My own experiences as an STA student have only confirmed these values. When I approached the school about GSA’s ideas, I was told that the “mission” of St. Albans is to specifically prepare boys for the world ahead. I proposed changes to school-wide policies, but members of the administration offered to help me as an individual, rather than the wider school community. In a group meeting between me and two adults, the person I was primarily talking to phrased it as concern for my own mental health, as the meeting also included Dr. Friend, but I recognized an undertone of resistance from said unnamed adult. He concluded with his comment about the school’s “mission” with the possibility of exceptions on a student-by-student basis. At first glance, this may seem helpful, but it requires students to be open about their gender and sexuality. As there are two students in the LGBTQIA+ affinity group at STA, these personalized exceptions leave the vast majority of closeted or questioning students to be exposed to the trauma of “brotherhood.” This means being misgendered daily by students and faculty, whether it be terms like “gentlemen,” “boys,” or “brother.” The result for trans students, like me, is a sense of personal disgust, discrimination, and exclusion.

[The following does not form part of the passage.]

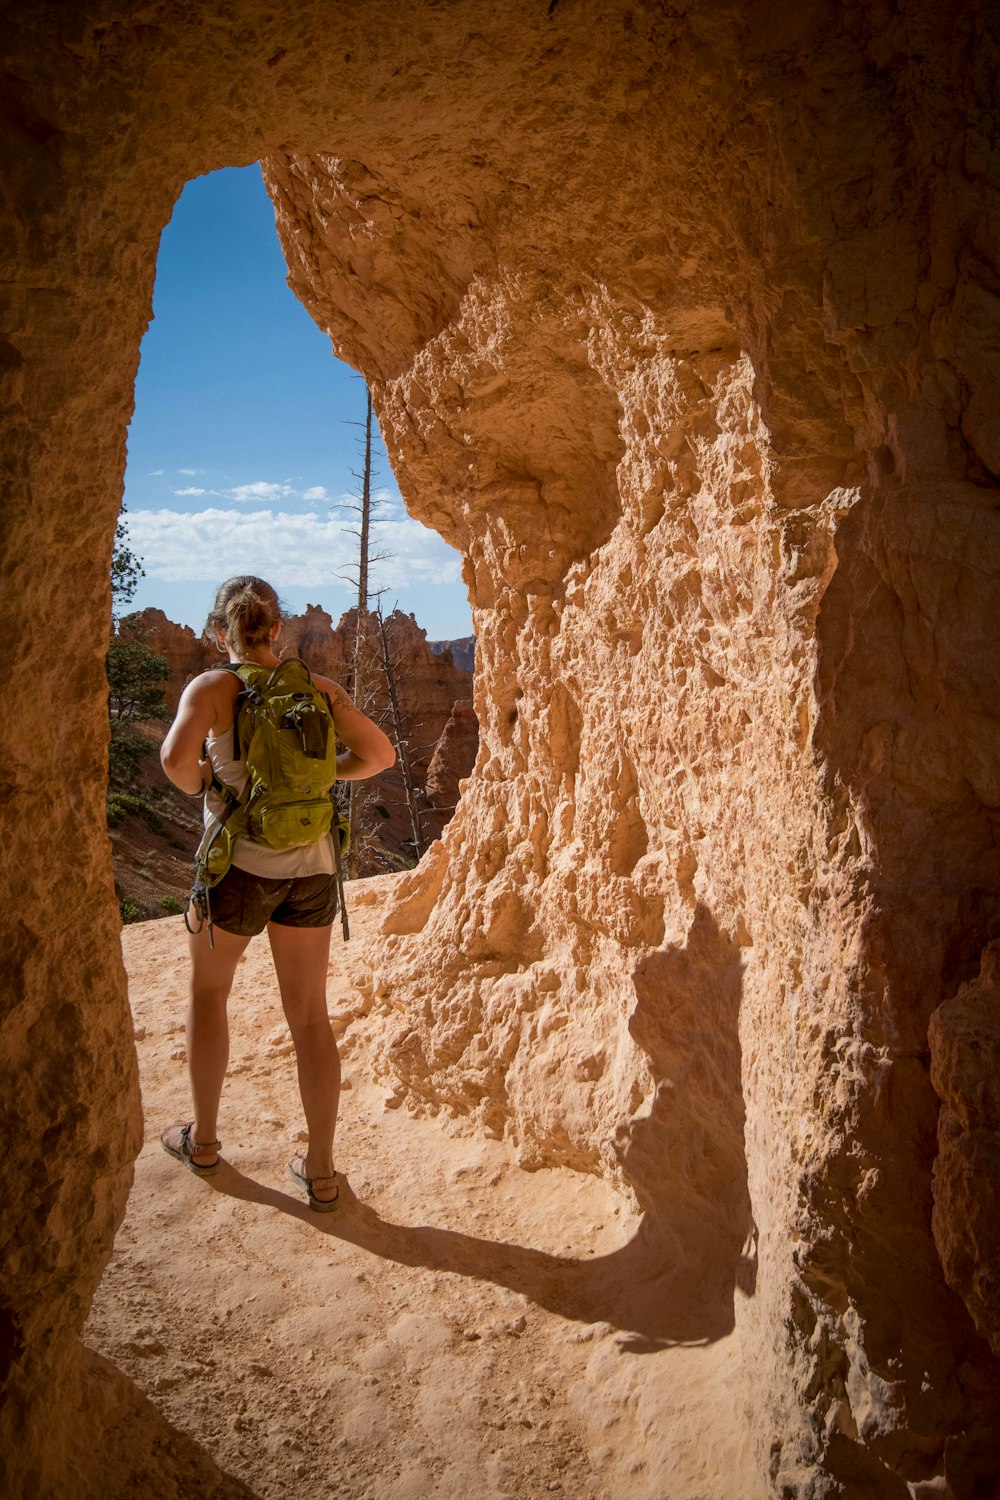 woman carrying backpack standing in cave passage

Over the past few months, I have been victim to this type of language and other seemingly aggressive acts towards my interpretation of the dress code. Teachers have applied double standards, calling me out when others are breaking the dress code often to a greater degree. Students have stared at my clothing, snickering under their breath. My peers have rolled their eyes when I discuss matters like these. Many have come to my defense, and for their assistance I commend them. But I often spend thirty minutes to an hour planning my outfit every night because I have to balance school-dress and my gender identity. Often, I am forced to wear a blue blazer—the very symbol of “brotherhood” and “masculinity” I try desperately to avoid. While this may seem insignificant to cisgender readers, I compromised my identity. Daily, I think about being misgendered, and the tropes of “brother,” and “St. Albans Man.” The dress code, a short policy in the Handbook, is emotionally draining and distracts from learning.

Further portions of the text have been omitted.